A second drawback to QDI often cited is that the signaling protocols appear to consume more power (e.g., each circuit cycles through a "refresh/NULL" cycle to a "calculation/DATA" cycle). In reality, the QDI approaches result in power savings greater than or equal to that achievable by fine-grained clock gating. Circuits that are not needed for the current calculation are quiescent, without complicated clock-gating efforts. This generally more than overcomes the apparent power penalty of the signaling protocol.
In return for these challenges, the designer is left with a circuit design that is delay-insensitive, power-aware and reusable. With no assumptions about timing required for functionality, the designer's functionality is isolated from the physical implementation.
More secure smart cards
Also, clockless behavior means the system is not subject to simultaneous switching throughout the entire design, easing the power grid design on the chip. This also reduces the noise/EMI problems, and can provide enhanced security for smart-card (or similar) applications. In addition, delay-insensitivity means that there are no timing-closure problems-clock tree balancing and skew problems are eliminated. Individual portions of the design can be worked upon to achieve increased speed, without worrying that the changes will break functionality on a global basis.
A consideration at smaller geometries is that uncertain timing/modeling for the 0.13-micron (and smaller) processes is no longer an issue that may break functionality. If the timing models are inaccurate, speed will be affected, but not function. Because QDI systems easily and naturally operate at independent frequencies, synchronization is only necessary on portions of the design as they communicate with one another.
QDI systems can also be easily used to bridge different synchronous clock domains to one another, the so-called Gals (globally asynchronous, locally synchronous) systems. Design reuse or improvement of clockless systems is trivial. The rate-independent nature of the designs means that blocks can be incrementally replaced or upgraded, and the surrounding blocks will automatically synchronize with the new element. There is no clock tree to resynthesize, no adjustment required to the block to be able to operate at the system's master frequency, etc.
Clockless design approaches aren't as difficult to use as they once were. While not supported as seamlessly as traditional synchronous systems, there are emerging sets of design tools supporting clockless designers. Although many approaches involve new languages or programming styles, not all are unfamiliar to clocked designers.
The clockless design approach we use at Theseus is called Null Convention Logic and is based on VHDL for RTL design entry and simulation.
Designers write code similar to what they are familiar with in clocked designs; a commercial synthesis tool, such as Design Compiler from Synopsys Inc. (Mountain View, Calif.) or Merlin from FTL Systems Inc. (Rochester, Minn.) is used to synthesize the gate-level circuits, which can then be placed and routed. Some of the current limitations associated with this approach are being addressed through enhancements to the VHDL language and are being considered for adoption as changes by the IEEE VHDL steering committee, as part of the VHDL-2004 specification process.

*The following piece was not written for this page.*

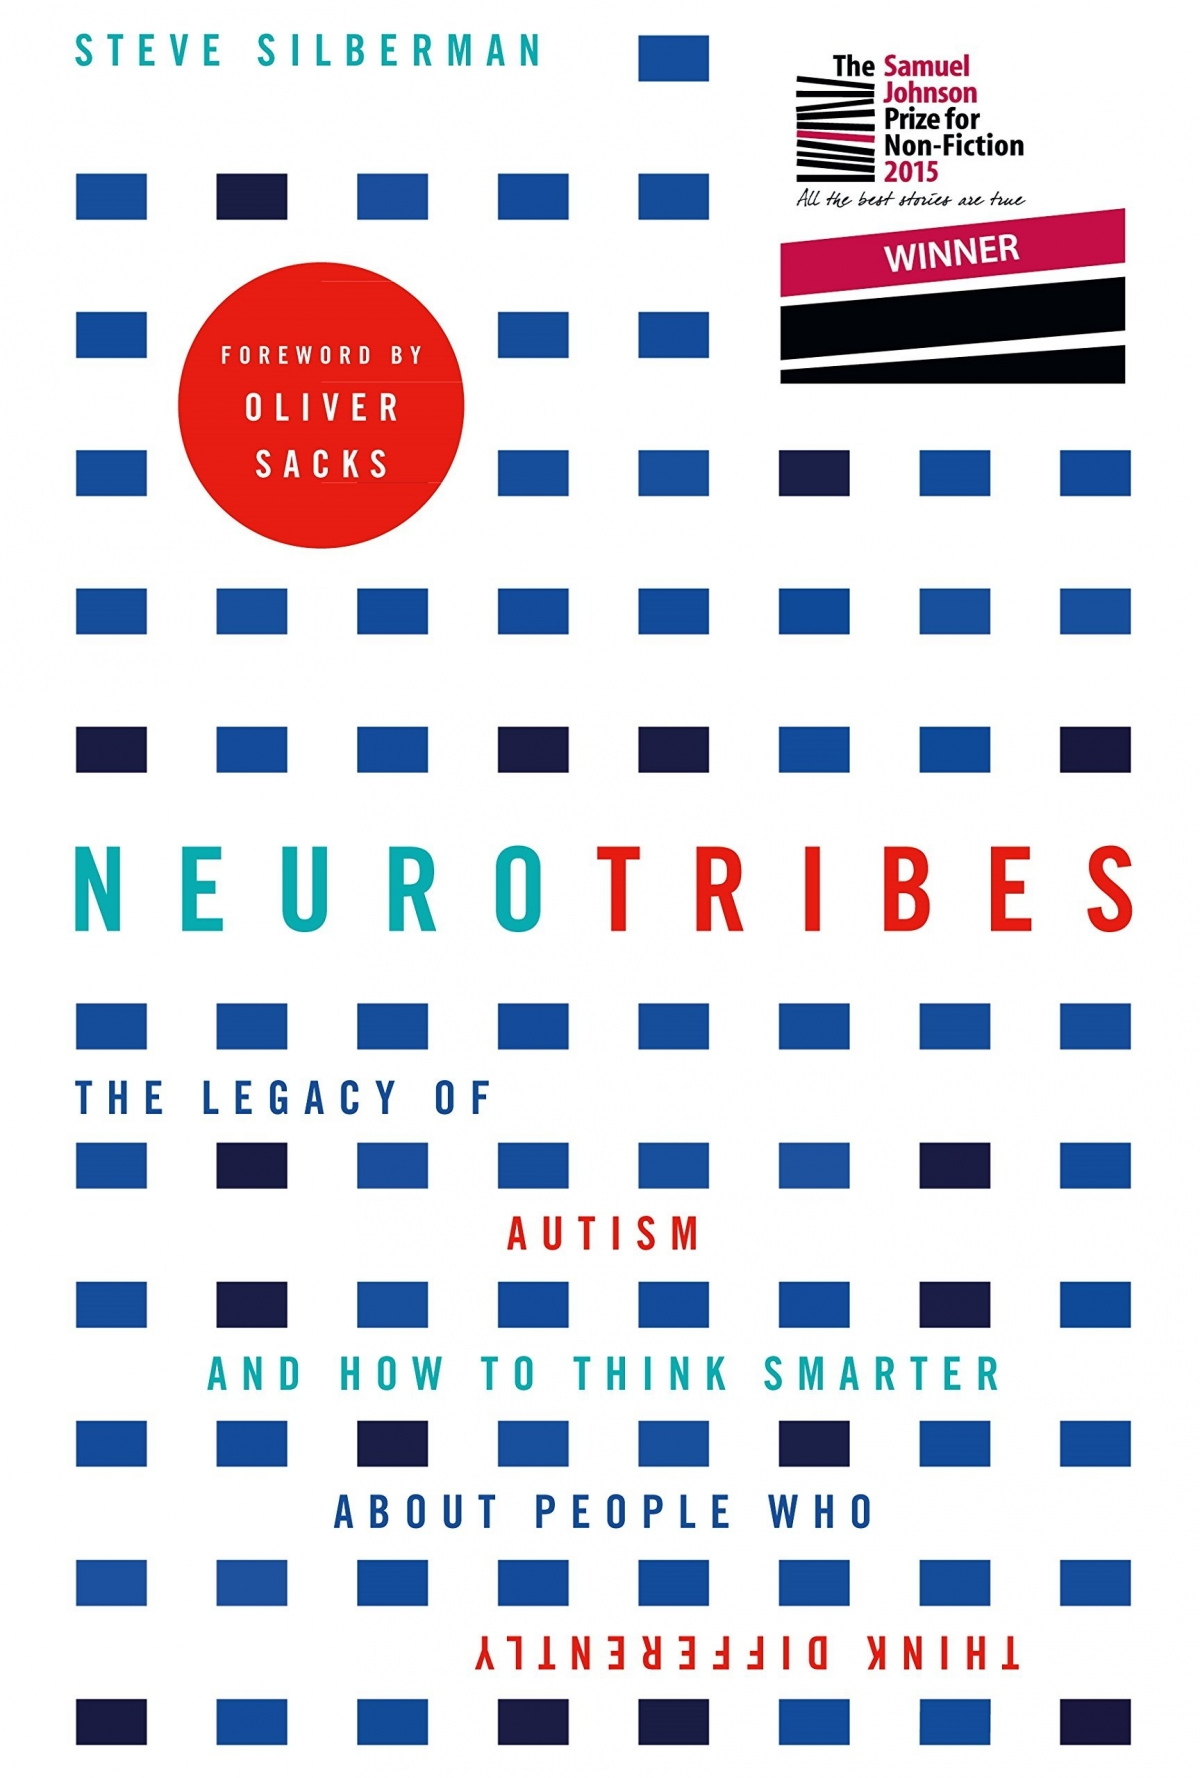 top non-fiction books of 2015

The same approach has been used by Honeywell International (Morristown, N.J.) and by Medtronic Inc. (Minneapolis) in embedded medical applications. Theseus designers have used Null Convention Logic to develop more than 20 first-pass ASICs, including the HCL08GP32 microcontroller, a clockless, low-power version of Motorola Inc.'s forthcoming 8-bit HCS08 microcontroller core.
Ryan Jorgenson is vice president of engineering at Theseus Logic Inc. (Orlando, Fla.).